5. The light wakeup system according to claim 4, wherein when the wakeup service is started, the brightness of the light emitting diode is controlled by the smart chip to be changed from minimum to maximum, and to be continuously lit for 3 seconds at the maximum brightness, and then to be extinguished for 0.5 seconds, and this operation is repeated, and when the wakeup service is stopped, the brightness of the light emitting diode is controlled to be reduced to 1/3 of the maximum brightness and maintained by the smart chip.

6. The system of claim 3, wherein the 16 keys of the key array module are arranged in four rows and four columns, including a number key and a command key,

The number key comprises: 0.1, 2, 3, 4, 5, 6, 7, 8 and 9,

The command key comprises: six keys of confirm, delete, timing, real-time calibration, reset and standby functions.

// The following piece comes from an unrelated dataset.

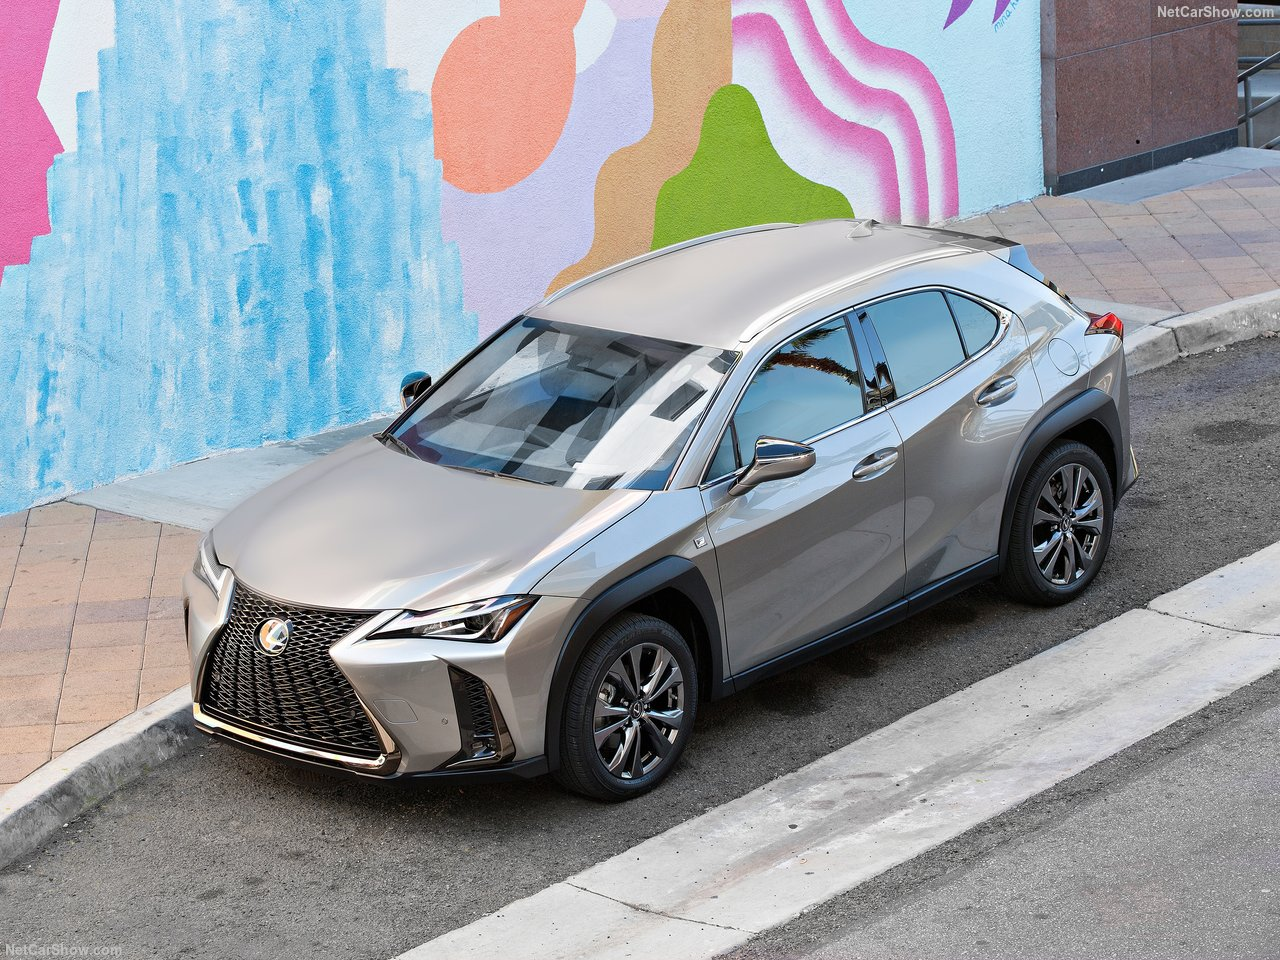 Lexus-UX-2019-1280-02_201808111144243b7.jpg
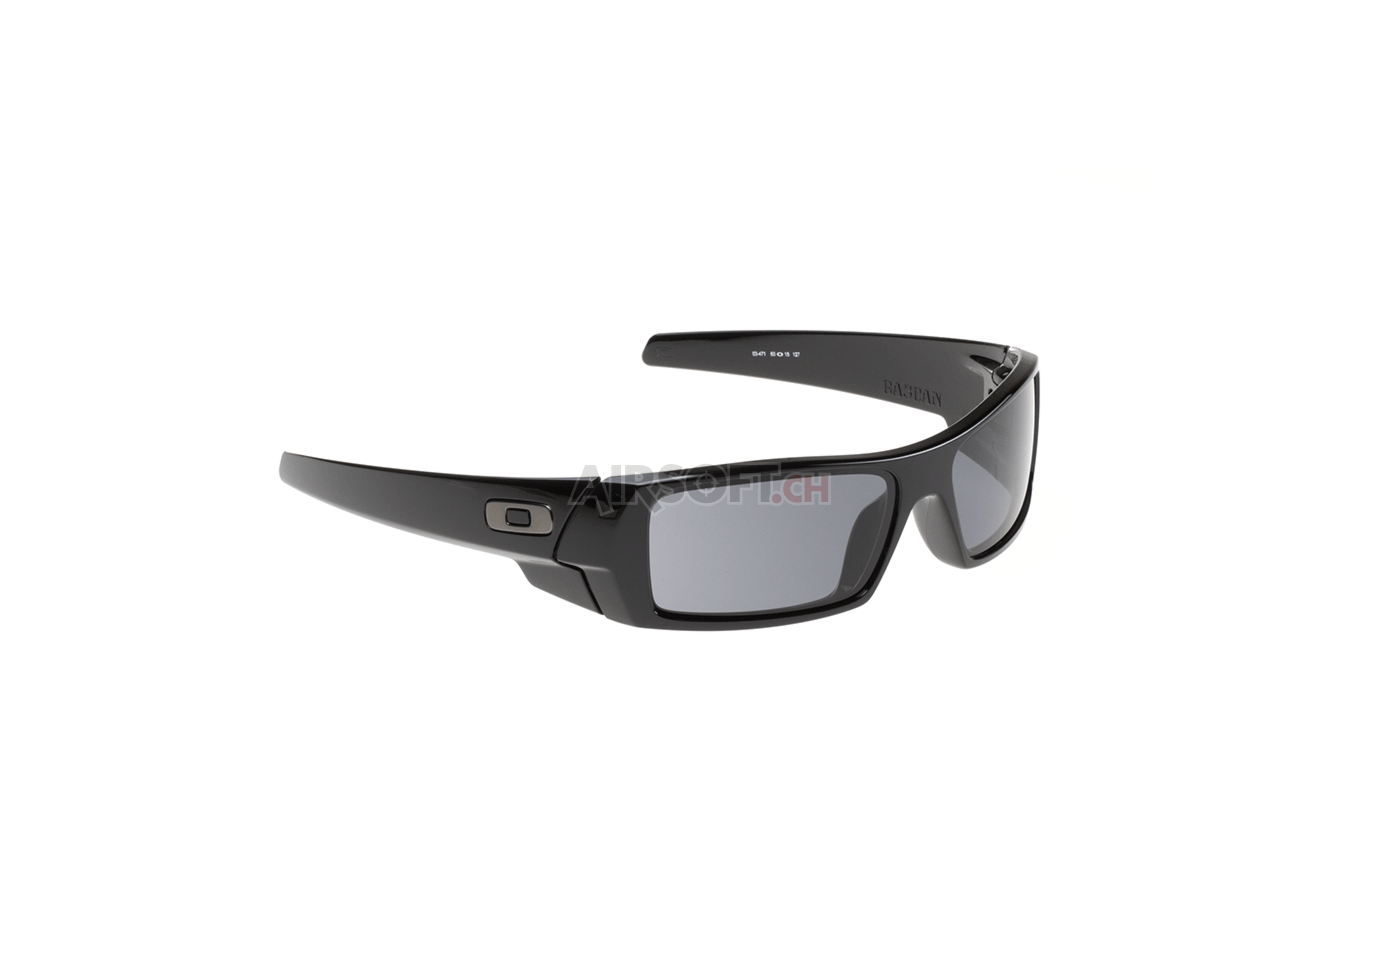 487f3b3497 SI Gascan Black (Oakley) - Eyewear - Protective Equipment - airsoft ...

7. An optical wakeup system according to claim 3, wherein pressing the timing key sets a wakeup service time, wherein the wakeup service time sets different wakeup times,

Pressing the standby button once can enable the intelligent chip to be in a standby state, and pressing the standby button once again can enable the intelligent chip to be in a starting state.

8. A system as claimed in claim 3, wherein the digital signal analog output from the smart chip to the DAC chip is 12 bits.

9. A light waking system according to claim 3 wherein the capacitive microphone detects and records sounds of a served object to be waked up,

Before starting the awakening service, the capacitor microphone detects and records the sound of the awakened service object in a state of falling asleep, inputs a recording signal into the intelligent chip for storage,

When the wake-up service is started, the condenser microphone detects sounds around the awakened service object and listens, and a listening sound signal is input into the intelligent chip.